Allison Lapierre-Houle to balance working at home

It’s challenging for Allison Lapierre-Houle to balance working at home with two young kids — but at least they can help take a photo for BusinessWest.

David Griffin Jr., vice president of the Dowd Insurance Agencies in Holyoke, is able to split the child-tending duties with his wife, who works for Travelers in Hartford. They’re both home these days, juggling their jobs and home responsibilities as parents of two young ones, ages 2 and 3.

“We’re making the most of it,” Griffin said. “She has a more set schedule than me. Obviously, I have clients calling me, and I can’t plan when the client calls me with questions I have to go through. I get as much done as I can in the morning and late at night, and answer calls and help customers throughout the day. Right now is their greatest time of need, so I have to make myself available and be there for them to lend an ear and give some advice.”

Jim Martin knows that feeling — of working from home at a time when customers have more pressing needs than perhaps ever before. As a partner at Robinson Donovan specializing in corporate law and commercial real estate, he’s been working with clients on their submissions for the Paycheck Protection Program, deciphering the regulations and grappling with an ongoing series of often-confounding changes to them. “My clients need straightforward legal advice on what needs to be included,” he told BusinessWest.

“I do lot of side-by-side work with the kids, while also trying to manage the eight employees for the company, who are all working remotely as well. That’s been the biggest challenge.”

He’s providing that advice — and much more — largely from home, as the firm’s Springfield office is maintaining the core minimum of personnel needed to connect everyone else during a trying time.

“We were well-prepared for this; we had anticipated this may be necessary, so we had a network in place that allowed people to remotely access their desktops from home,” he explained. We got everyone equipped, so when someone comes in with mail, it’s scanned and distributed to every lawyer and the support staff. And we have remote dictation, so I can dictate right to my adminstrative assistant from home. We feel we were pretty well-prepared to make the transition to working remotely.”

While Martin doesn’t have children at home, he empathizes with those who do, as day cares are closed and people generally can’t come by to babysit.

He does, however, sometimes have to vie for the landline with his wife, a clinical doctor of psychology who continues to see patients, who are dealing with all sorts of issues, from depression to anxiety to domestic violence, all of which can be exacerbated by the current health and economic crises.

“People who need therapy, they need it more now,” he said. “She fortunately has access to certified confidential means of communication, video communication and things, but sometimes it’s over the phone if folks don’t have technology. So, I’m in one room, she’s in another, and sometimes it’s stressful in the house.”

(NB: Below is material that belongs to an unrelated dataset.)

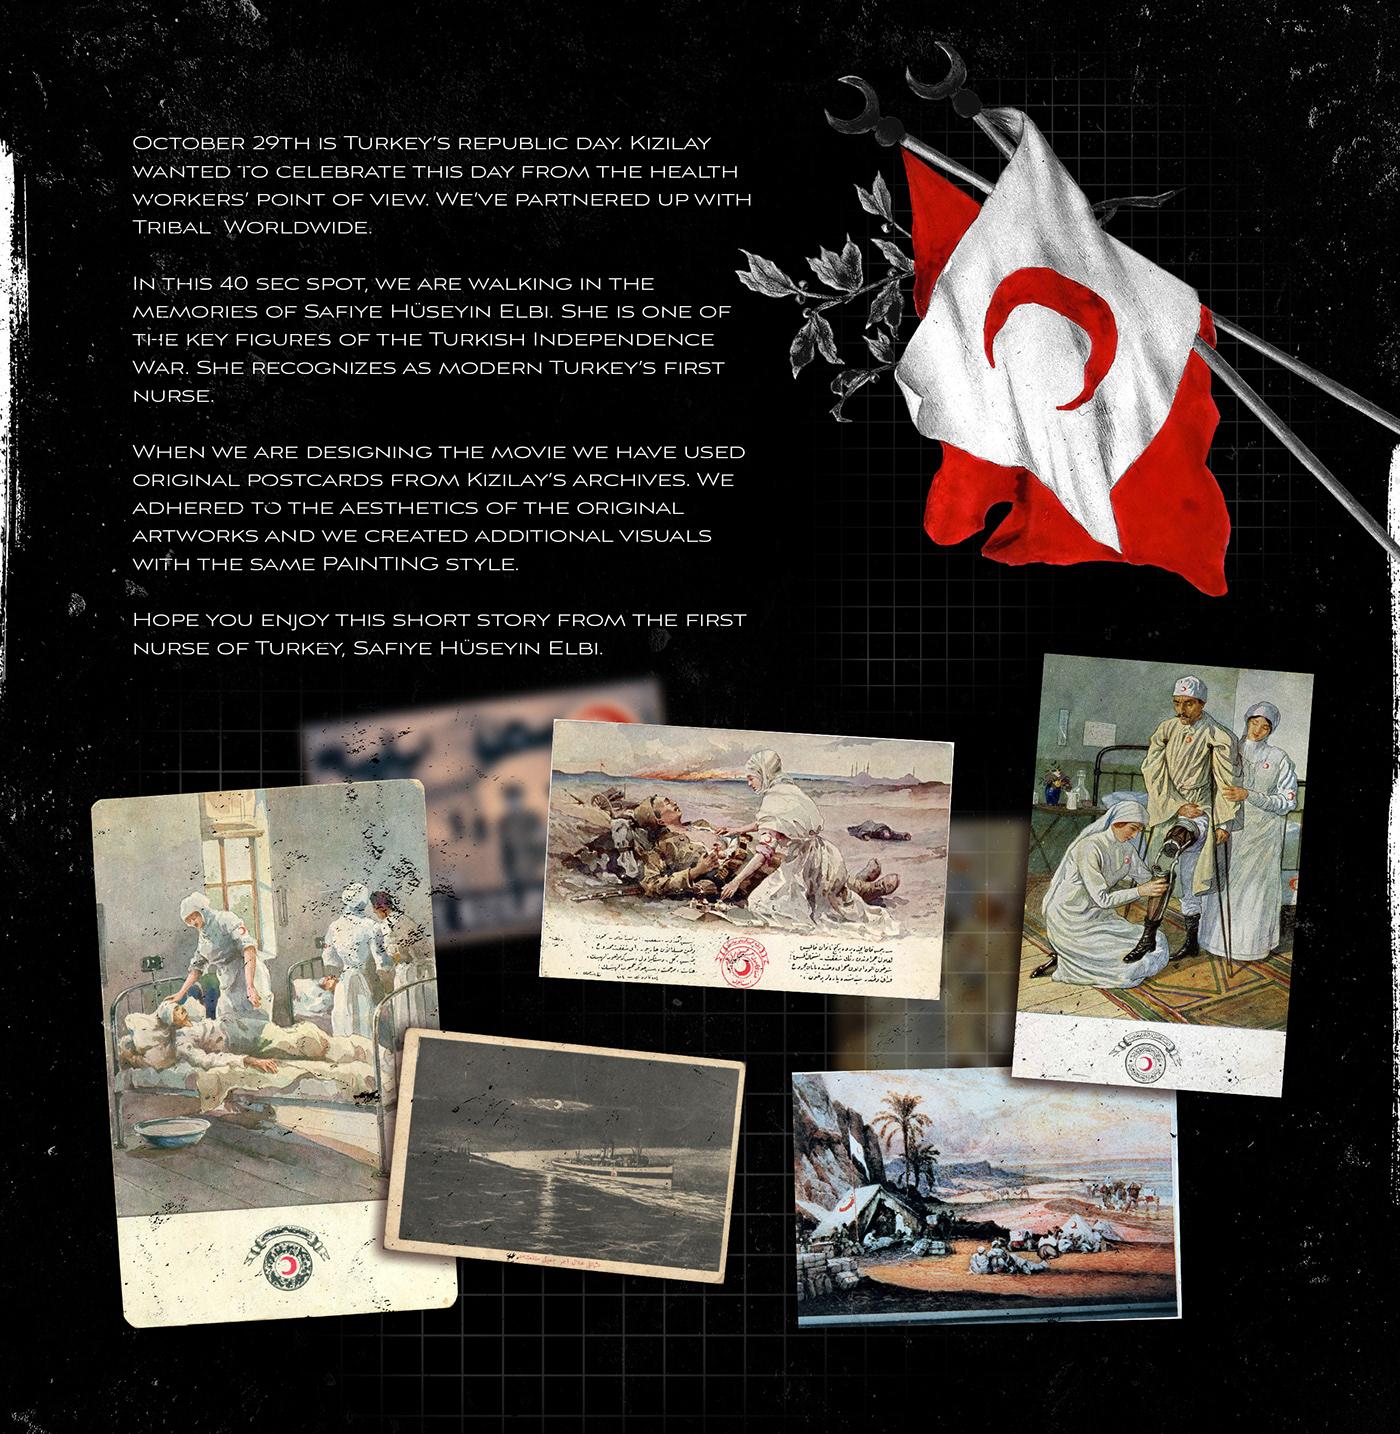 29 ekim collage cumhuriyet kızılay parallax postcard Republic Title vintage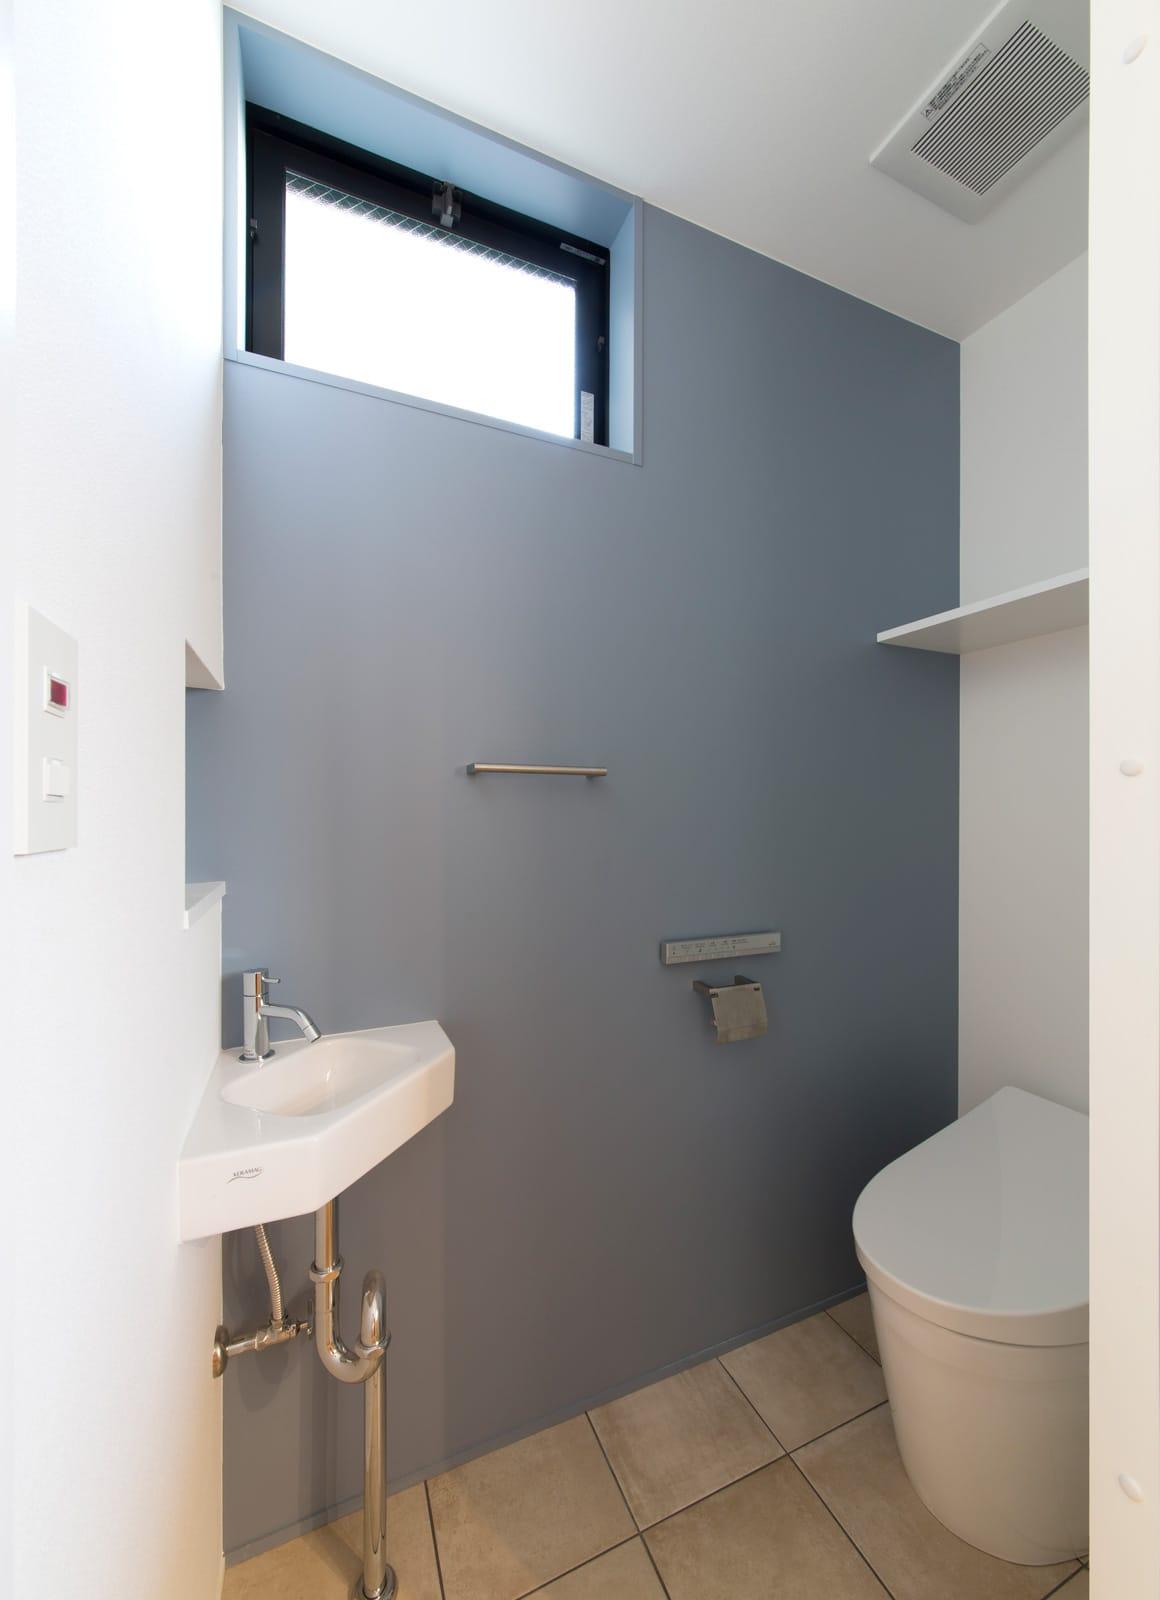 フィッシャーマンハウスのトイレ1

Workers from most sectors are dealing with the same situation — doing their part to keep their companies afloat while often keeping a household together. But they’re recognizing something else as well — a general patience and understanding among those they deal with, and a recognition that we’re all in this together, even as people grow more anxious to get back to their old routines.

Alone Time

Before COVID-19, Seth Kaye, a Chicopee-based photographer, would get up each morning and go to his office to work and have meetings with clients.

“For me, that’s the biggest difference right now, just not being around people at all,” he said. “I would routinely have coffee breaks or lunch with friends and colleagues; that’s how meetings would be done, face to face. Right now, everything’s over Zoom, which has been fantastic, but nothing face to face.”

Seth Kaye

Seth Kaye is among many professionals who miss face-to-face interaction with clients.

He brought his entire workstation home, so he’s able to stay in contact with clients and even book new work.

“In terms of contracts, there’s nothing for me to photograph right now, as the commercial events have all been canceled for the foreseeable future. Weddings are the lion’s share of what I do, and people are postponing those to later this year or 2021. But business is still going on. People are still getting engaged. I’m still booking new couples to 2021. The world hasn’t stopped, and people are still planning for the future. That gives me an enormous amount of optimism.”

And also a chance to pivot to other business needs, Kaye added. “I’m trying to take the to work on my marketing and work on personal projects and try new things.”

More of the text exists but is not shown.